After World War II we helped Europe to its feet, and in the case of Germany and Italy, taught them the democratic ropes. Now it may be the turn of the pupils to teach the master.
Sunday, January 3, 2010
For those of my readers who may be too young to remember ancient Soviet history, in the fifties, after Stalin died, the country was ruled by what was known in Russian as the Troika, the equivalent of the Latin word Triumvirate. The apparatchiks Vyachesclav Molotiv, Lavrenty Beria and Georgy Malenkov ruled until NIkita Khruschev won the power struggle.
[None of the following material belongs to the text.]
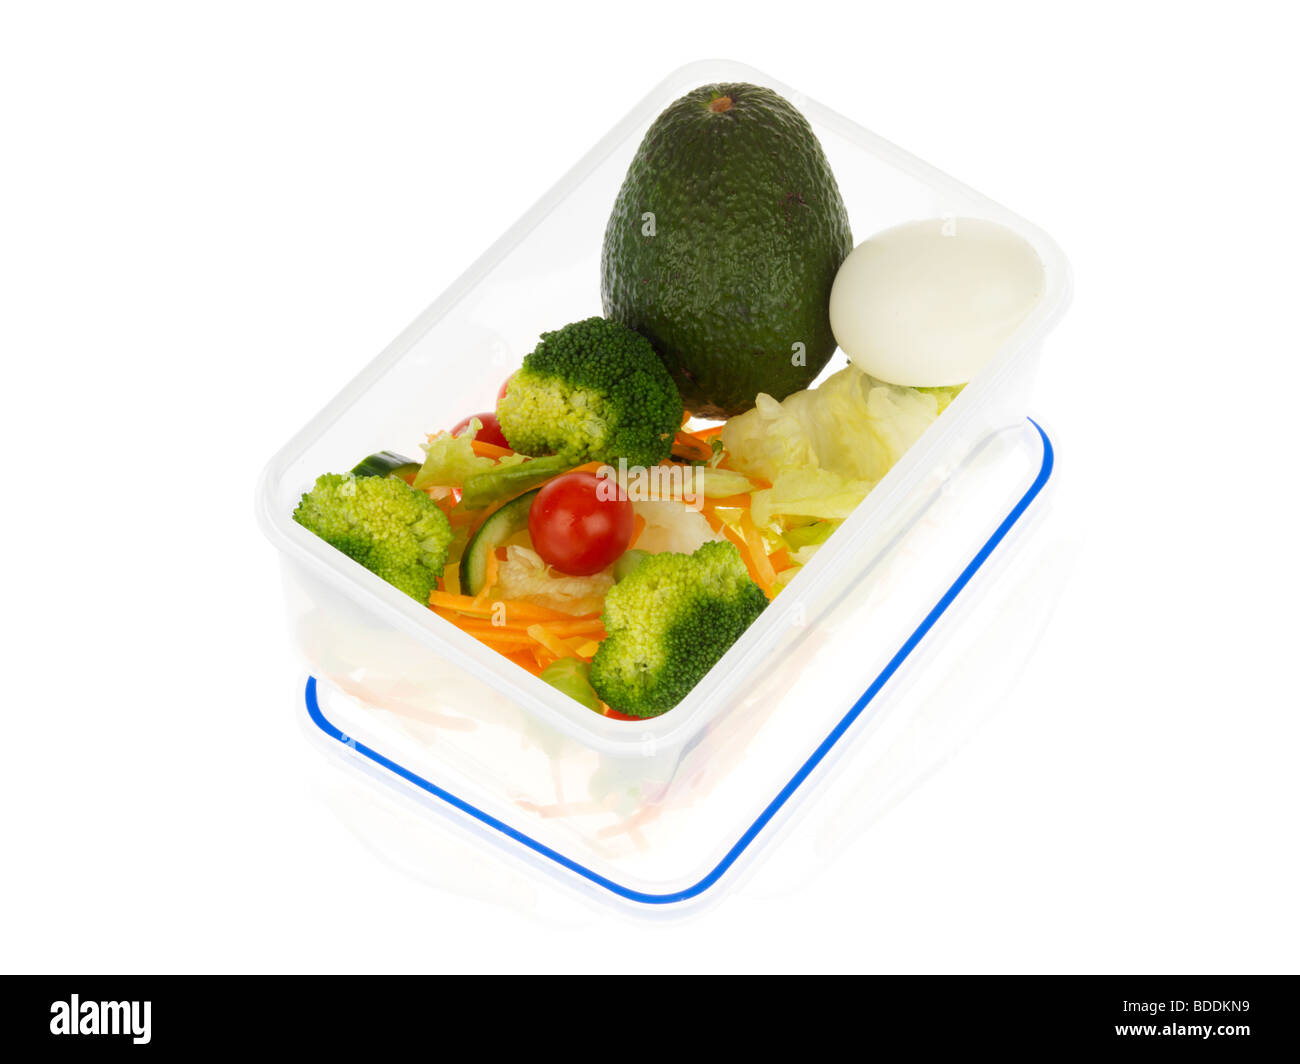 Vegetable Salad with Avacado and Boiled Egg Stock Photo

There isn’t a personal power struggle going on right now at a world level, but I think there is a Troika in the making. It would be composed of Barack Obama, Hu Jintao and a man who is much less known in the Western world, but is very well known among those who make up almost half of the world’s population. His name is Lumumba Stanislas Di-Aping. He’s a Sudanese diplomat who is described as a “McKinsey and Oxford-trained economist”, and was the chief negotiator for the Group of 77 at the Copenhagen Conference on Climate Change. If you followed the conference you can’t have missed Di Aping’s emphatic, slow speech, as if he wanted to make sure even reporters writing in long hand wouldn’t miss a word - or the implications of his words.
Most talk of future influences on the issue of climate change center on the U.S. and the BRIC countries: Brazil, Russia, India and China. These are the crucial polluters. Di-Aping’s message is that they should not plan on solving the climate crisis on the backs of Africans and other under-developed nations.
Together, India and China comprise almost half the world’s population, but of the two, only China is a major interlocutor of the United States. Yet India and Brazil are also major players. They belong to the Group of 77, which now includes about 130 countries representing almost the entire other half of the world’s population.
At time of the founding of the Group of 77, in 1964, the only important players in the world were the “Big Two”, The US and the Soviet Union. The Group of 77 was almost irrelevant on the world stage. Fifty years later, that is not likely to be the case: Notwithstanding the desire to maintain or improve their people’s lifestyle, Jintao and Obama will have to deal with Di Aping - or whoever in future will be in his shoes, on the matter of avoiding a global meltdown that would cause massive starvation in Africa and the submersion of low-lying island states.
It has taken almost fifty years for the poorest half of humanity to be represent-ed by a spokesman of the power of Di Aping. I don’t know whether Di-Aping will be their official voice beyond Copenhagen, but I think it’s safe to say that Patrice Lumumba’s namesake promises to be someone Obama and Jintao will have to reckon with.